Wash-CAP Is Getting a Southern Companion
By John Waldo
Editor: We’ve been following Wash-CAP’s rapid and substantial success for over a year now, and have been hoping that their type of advocacy would be emulated elsewhere. We’re thrilled to see that the Wash-CAP folks have been talking to some people in Oregon, and that an Oregon version is in the works. Here’s the story as reported by Wash-CAP’s John Waldo. For more information on this very exciting program, please point your browser to http://www.hearinglosslaw.com/
Word had spread about the successes we’ve enjoyed in Washington through the Washington State Communication Access Project, (Wash-CAP), our organized group advocacy on behalf of people with hearing loss. Last weekend, I met with a group of folks in Oregon who are interested in forming a similar organization, tentatively called the Oregon Communication Access Project.
The meeting was organized by Clark Anderson, a retired hospital administrator from the Eugene area. Clark brought together a number of Oregonians who have been actively working on behalf of people with hearing loss. Their general consensus — it makes sense to work as a group.
The overall objective in Oregon, as in Washington, will be to actually implement the provisions of federal disability laws that guarantee access to public places to people with hearing loss. The legal landscape in Oregon isn’t quite as favorable — while the federal Americans with Disabilities Act applies, Oregon does not have a state law like Washington’s that goes beyond ADA’s requirements.
We talked about the need for strategic planning and a systematic approach to implementing those plans. We talked about how our initial efforts to make live theater accessible in the Seattle area led us to learn about available technologies and providers, so that we could be resource people for businesses that want to reach out to people with hearing loss but aren’t sure how to do it.

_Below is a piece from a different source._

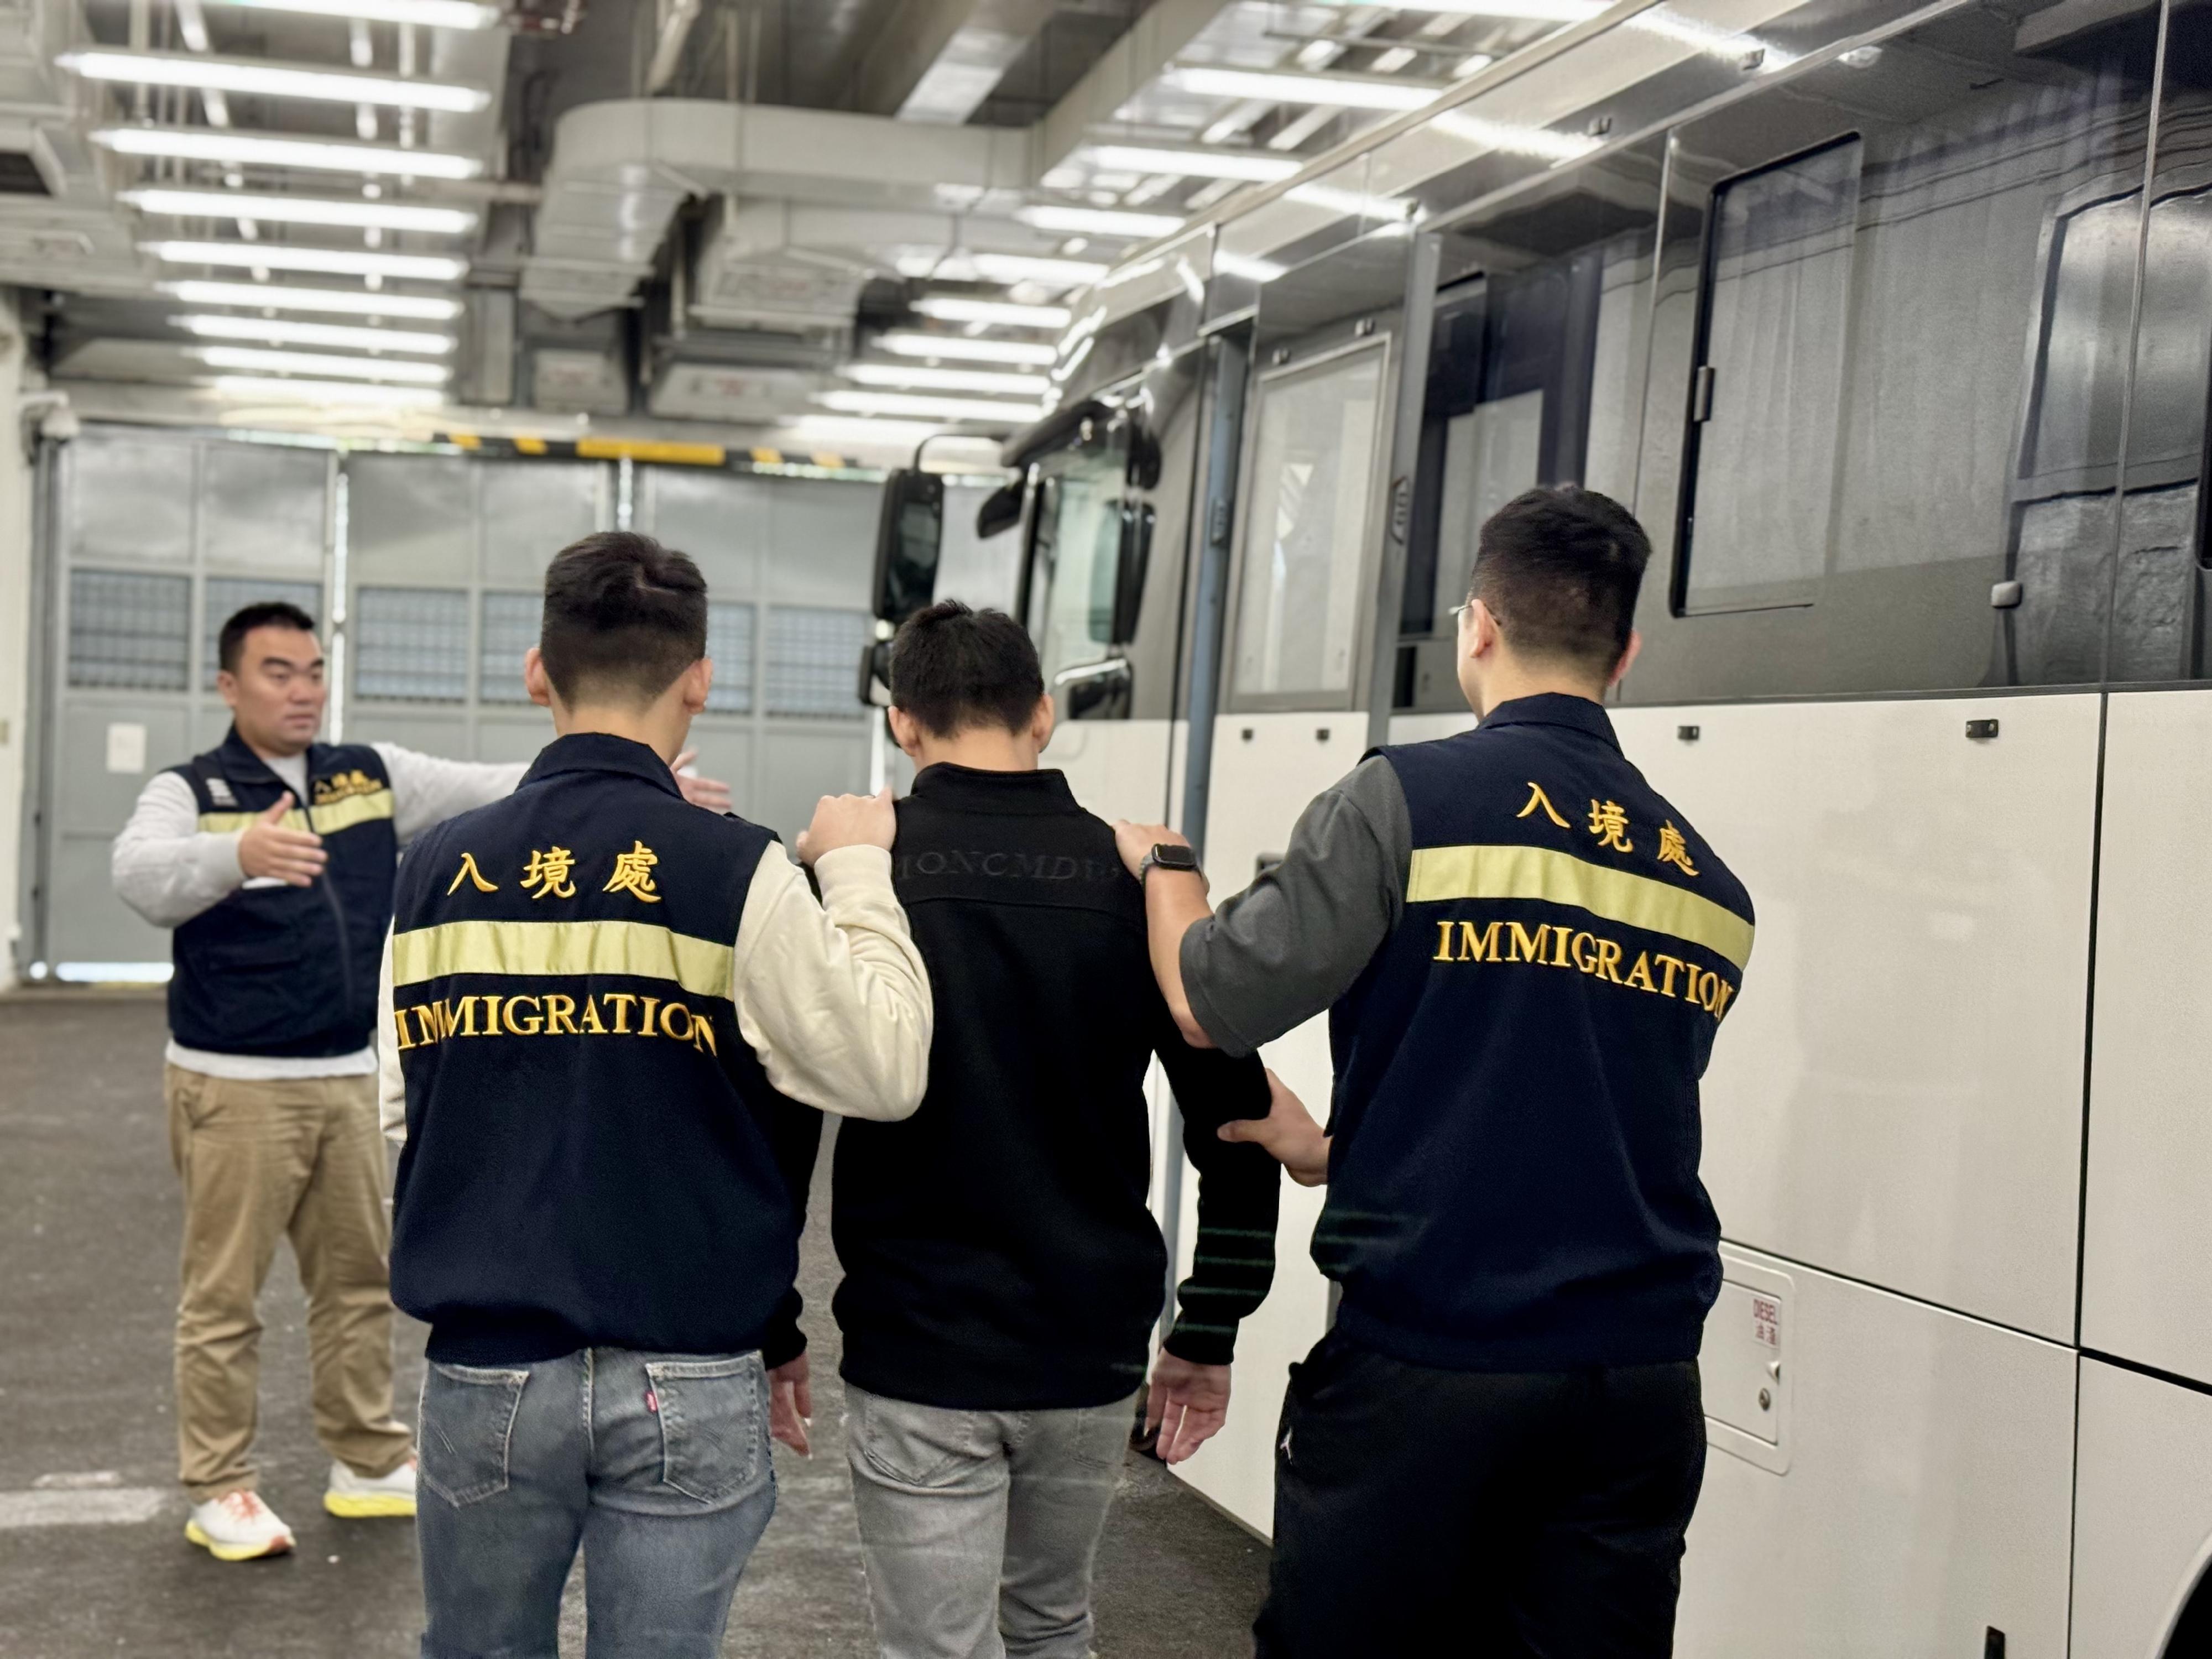 入境事务处（入境处）今日（十二月二十八日）执行遣送行动，将16名越南籍非法入境者遣返越南。图示被遣返人士在入境处人员押送下离开羁押地点前往机场。

As was the case in Washington, the feeling in Oregon was that it is important to begin dealing with situations where the business’s obligations are pretty clear-cut, and the advocacy efforts are therefore likely to succeed. In that light, efforts to make live theater dialogue and announcements at sports facilities understandable seemed particularly promising. Because of that, the early focus is likely to be on improving access at the Oregon Shakespeare Festival, the Portland Center for the Performing Arts Broadway series and other major live theaters in Portland, the Hult Center for the Performing Arts in Eugene, and professional and college sports venues in Portland, Eugene and Corvallis.
This is great news for both Oregon and Washington. Working in two continiguous states will help generate awareness of the needs of the hearing-loss population and how those needs can be accommodated. Many people in both states cross the Columbia regularly to patronize attractions in the neighboring state.
I’ll continue to advise OR-CAP on some of the technical details of getting started — things like the mechanics of incorporation, the necessary corporate documents and the public outreach effort that is required. We hope they may benefit by what has worked well for us in Washington, and perhaps benefit just as much from things that we might have done a bit differently. We anticipate that by mid-January, the Oregon organization will be up and running, and opening doors there for those of us with hearing loss.